EXTRACTED DATA START

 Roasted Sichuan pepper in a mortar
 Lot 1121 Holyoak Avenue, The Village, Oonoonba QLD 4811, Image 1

EXTRACTED DATA END
EXTRACTED DATA START

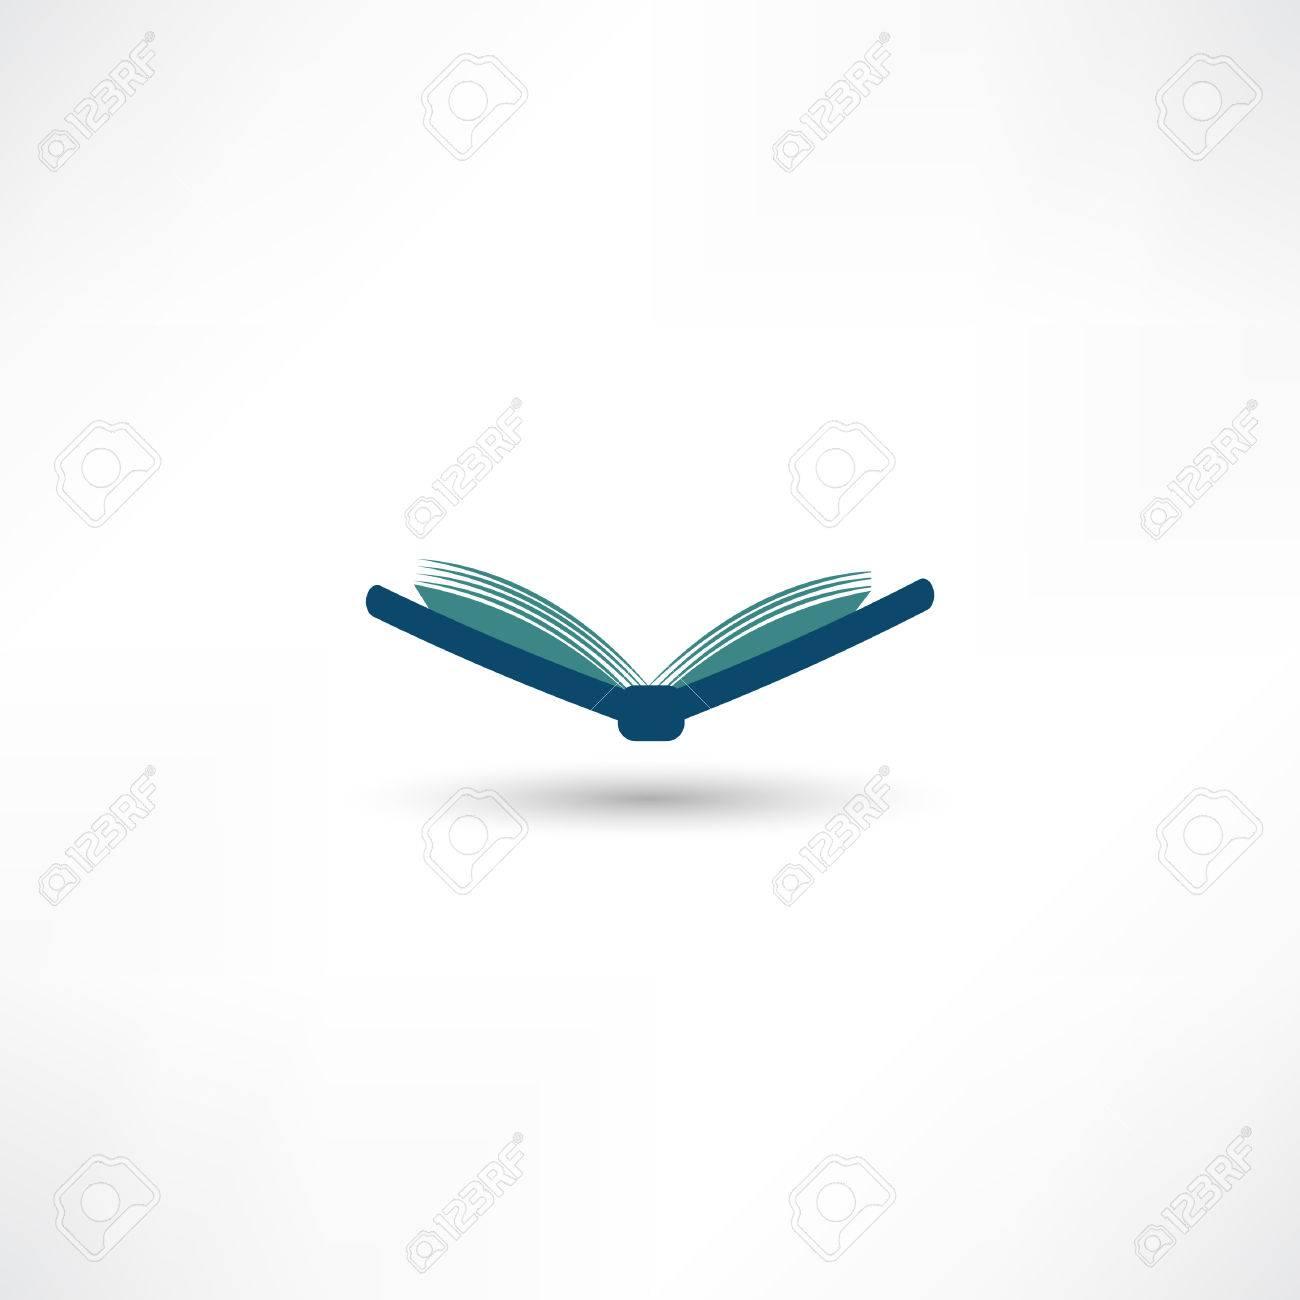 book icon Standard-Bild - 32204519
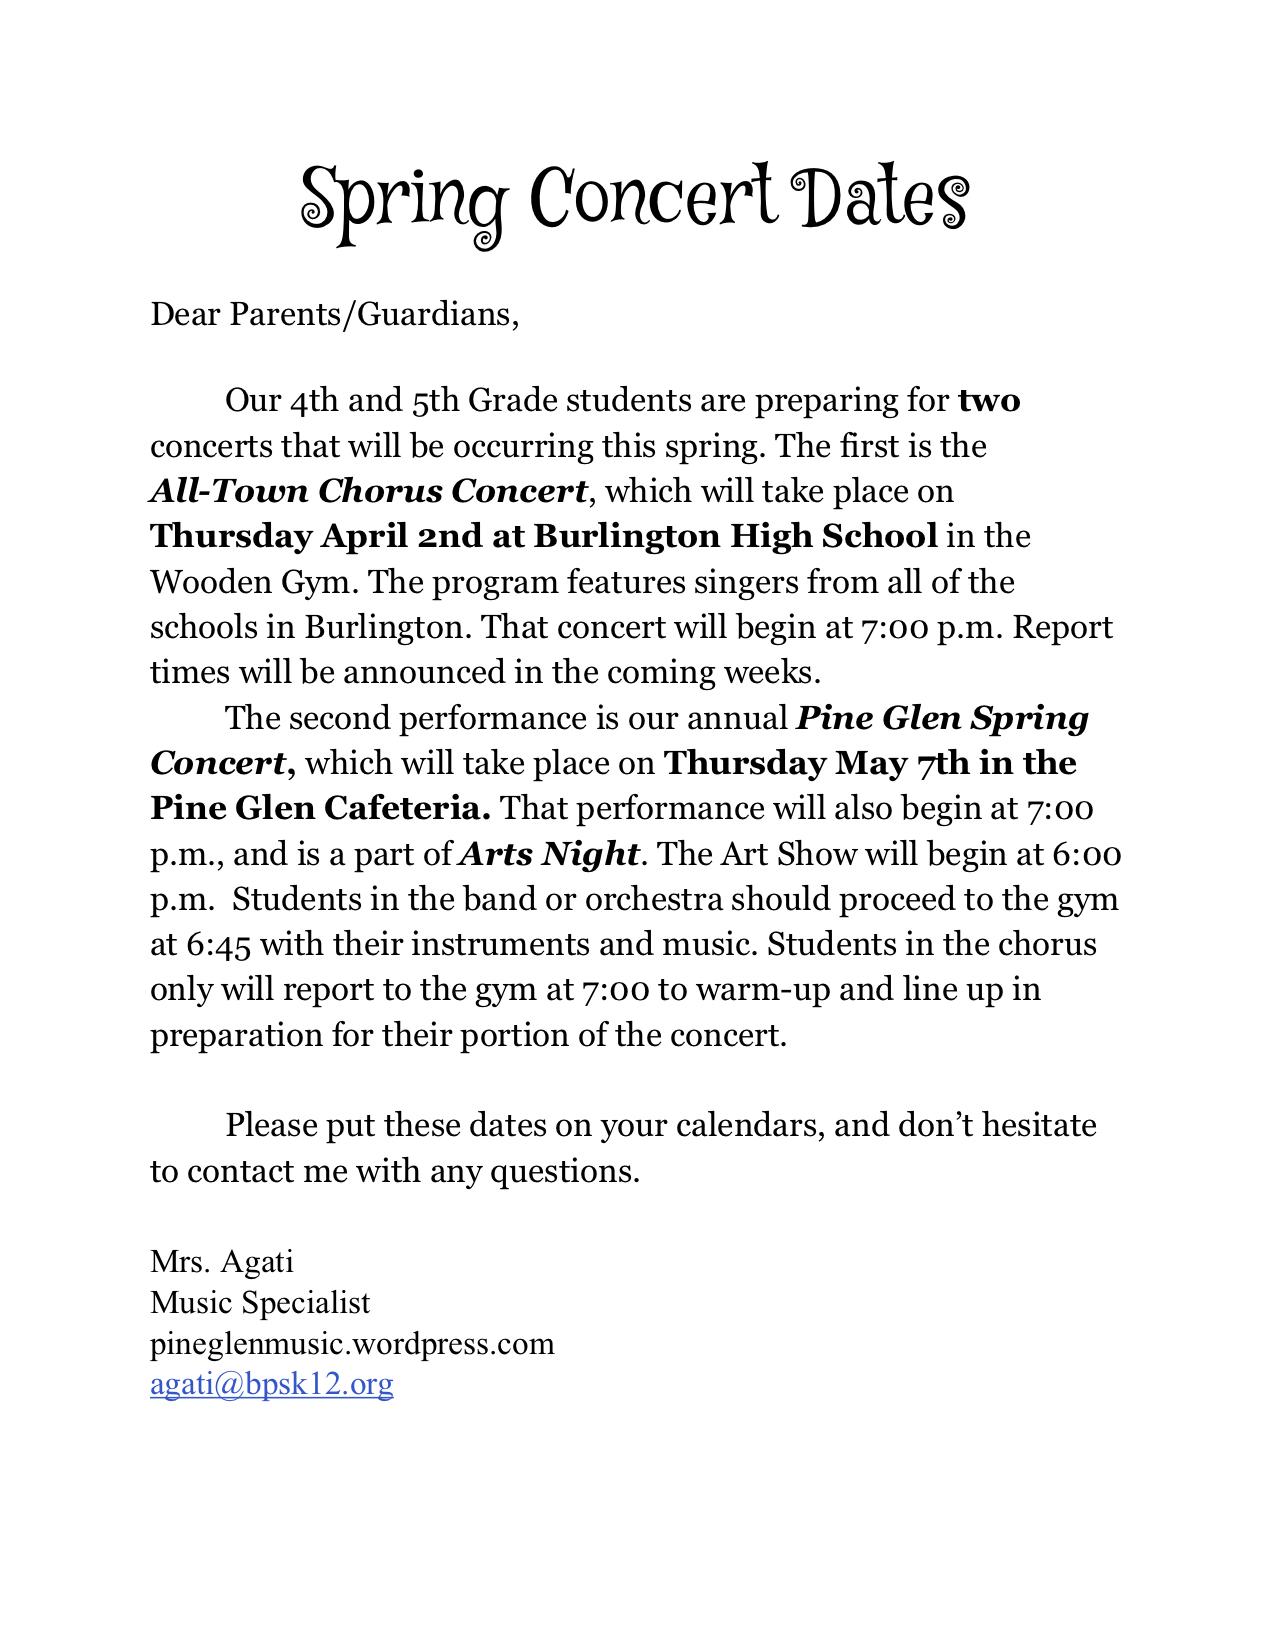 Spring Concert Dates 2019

EXTRACTED DATA END

■ AIM OF THE EXERCISE ■
In the entries above, find the line holding "Roasted Sichuan pepper in a mortar" and the line holding "Lot 1121 Holyoak", then retype exactly those two lines and every line between them, and nothing else.

■ WORKED SOLUTION ■
 Roasted Sichuan pepper in a mortar
 Lot 1121 Holyoak Avenue, The Village, Oonoonba QLD 4811, Image 1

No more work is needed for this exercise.